[EXERCISE BRIEF]
What you write must be the listing below in full, word for word, minus its pictures.

[GIVEN MATERIAL]

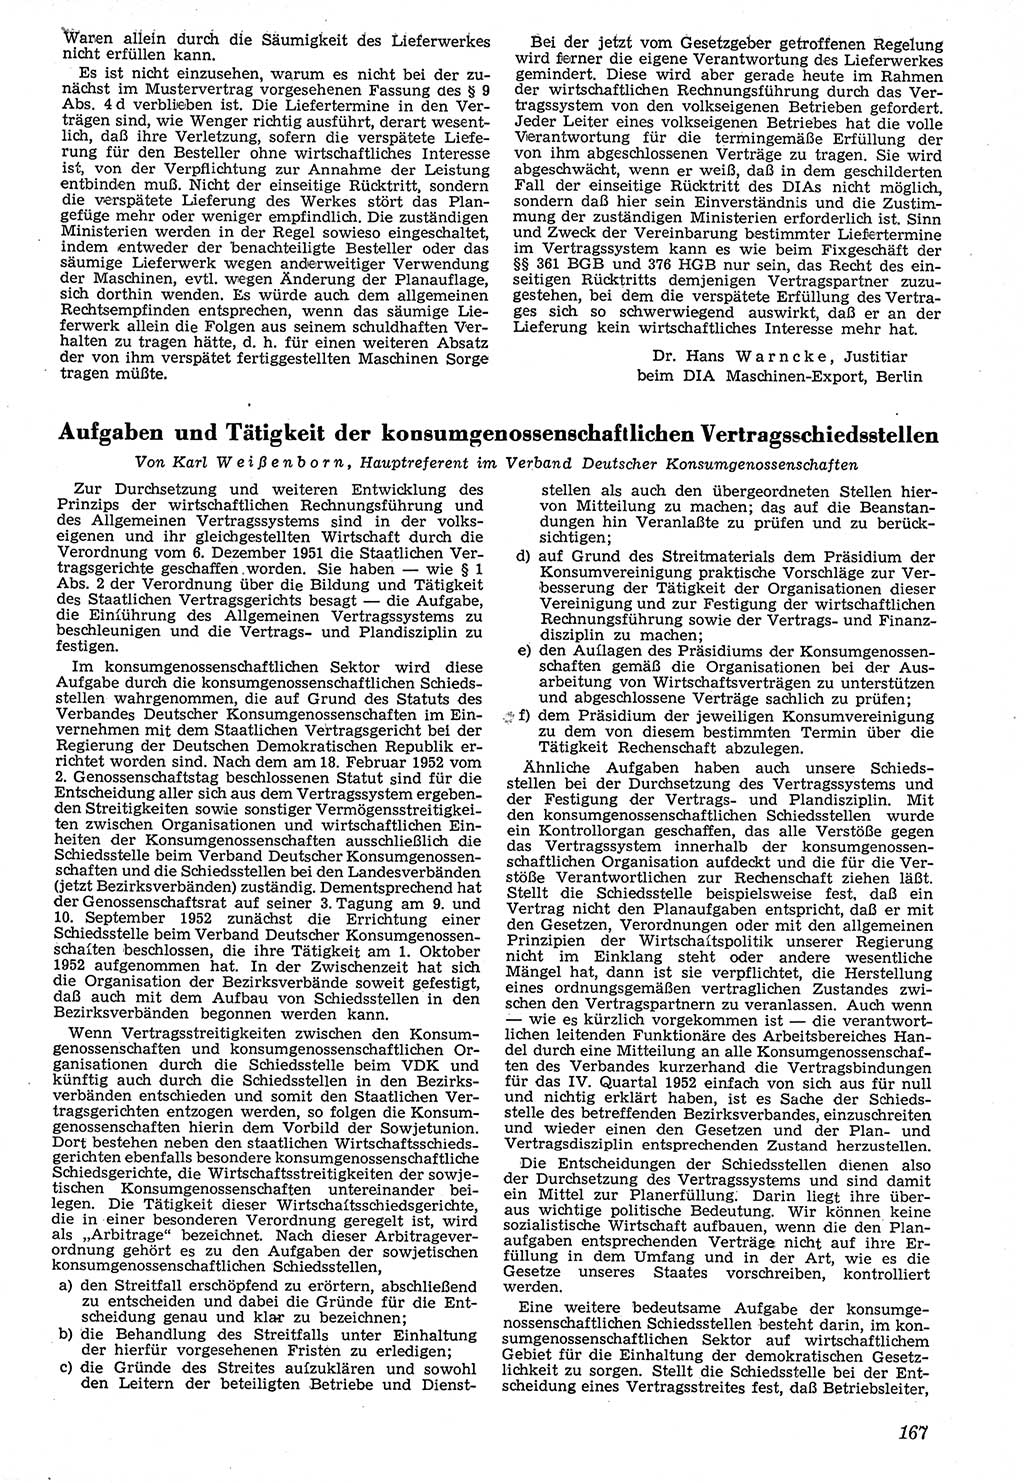 Neue Justiz (NJ), Zeitschrift für Recht und Rechtswissenschaft [Deutsche Demokratische Republik (DDR)], 7. Jahrgang 1953, Seite 167 (NJ DDR 1953, S. 167)
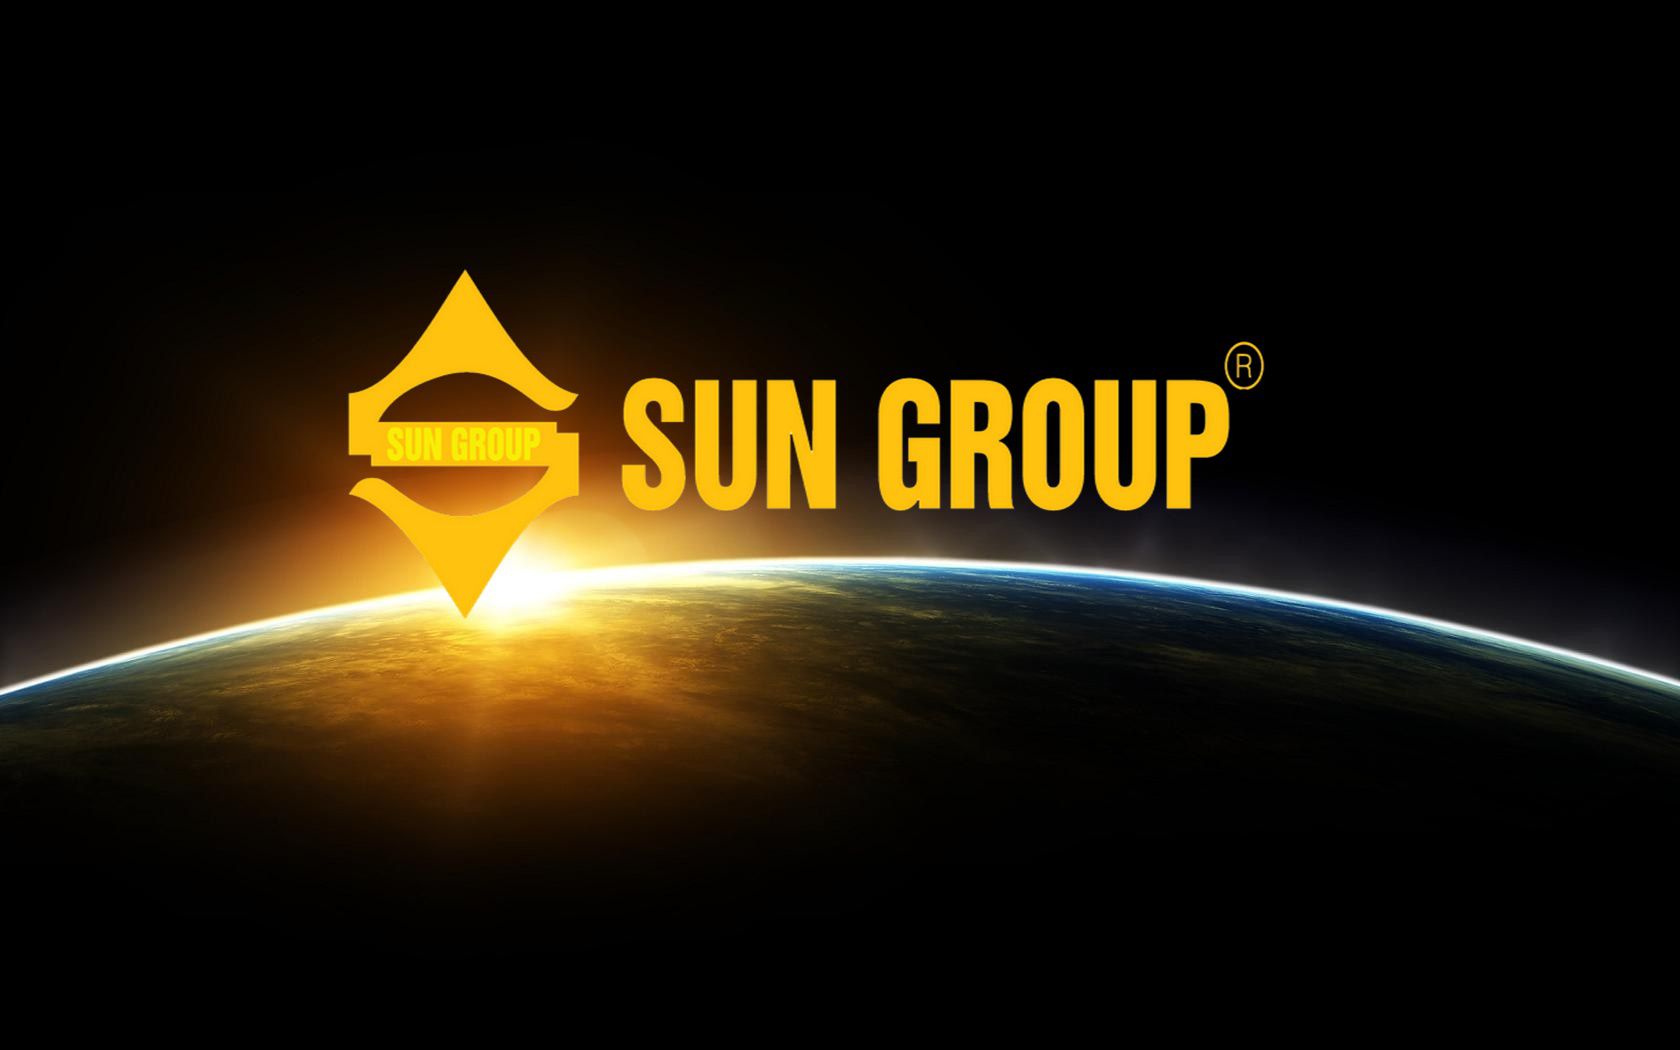 Review Công Ty Sun group - Đánh giá từ chính nhân viên
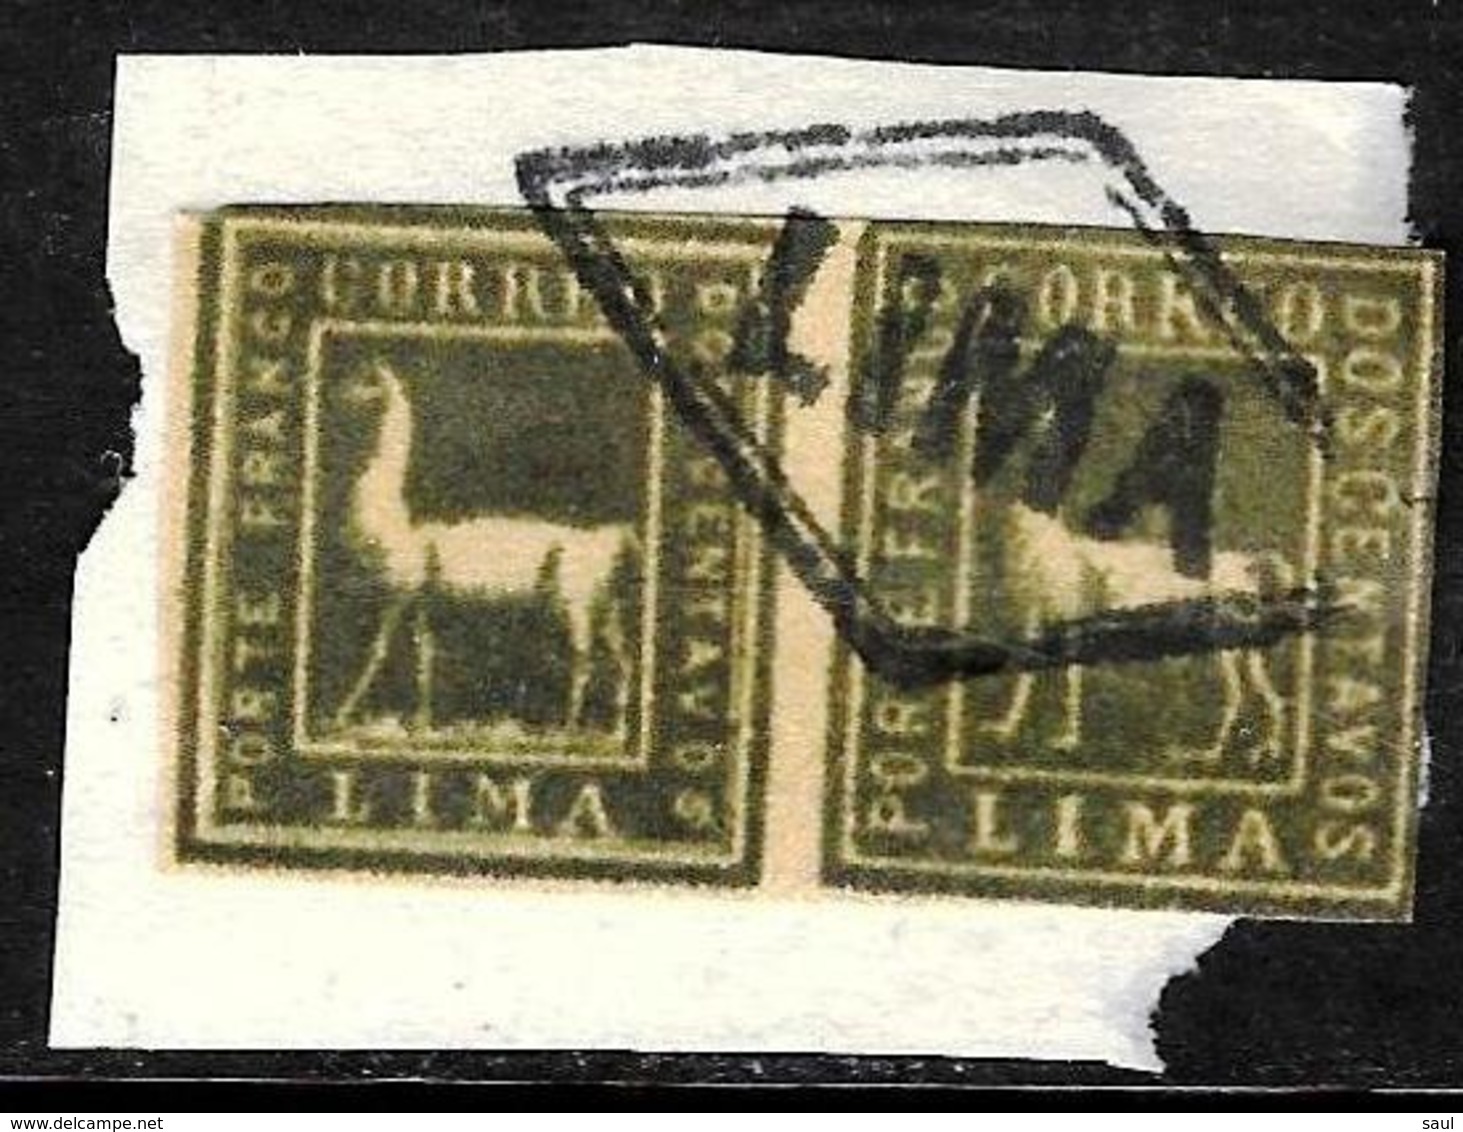 532 - PERU - 1873 - PAIR - CUDE FORGERIES - LIMA CANCEL - FALSES, FALSCHEN, FAKES, FALSOS - Collections (sans Albums)

[EXERCISE ANSWER]
 Neue Justiz (NJ), Zeitschrift für Recht und Rechtswissenschaft [Deutsche Demokratische Republik (DDR)], 7. Jahrgang 1953, Seite 167 (NJ DDR 1953, S. 167)
 Review Công Ty Sun group - Đánh giá từ chính nhân viên
 532 - PERU - 1873 - PAIR - CUDE FORGERIES - LIMA CANCEL - FALSES, FALSCHEN, FAKES, FALSOS - Collections (sans Albums)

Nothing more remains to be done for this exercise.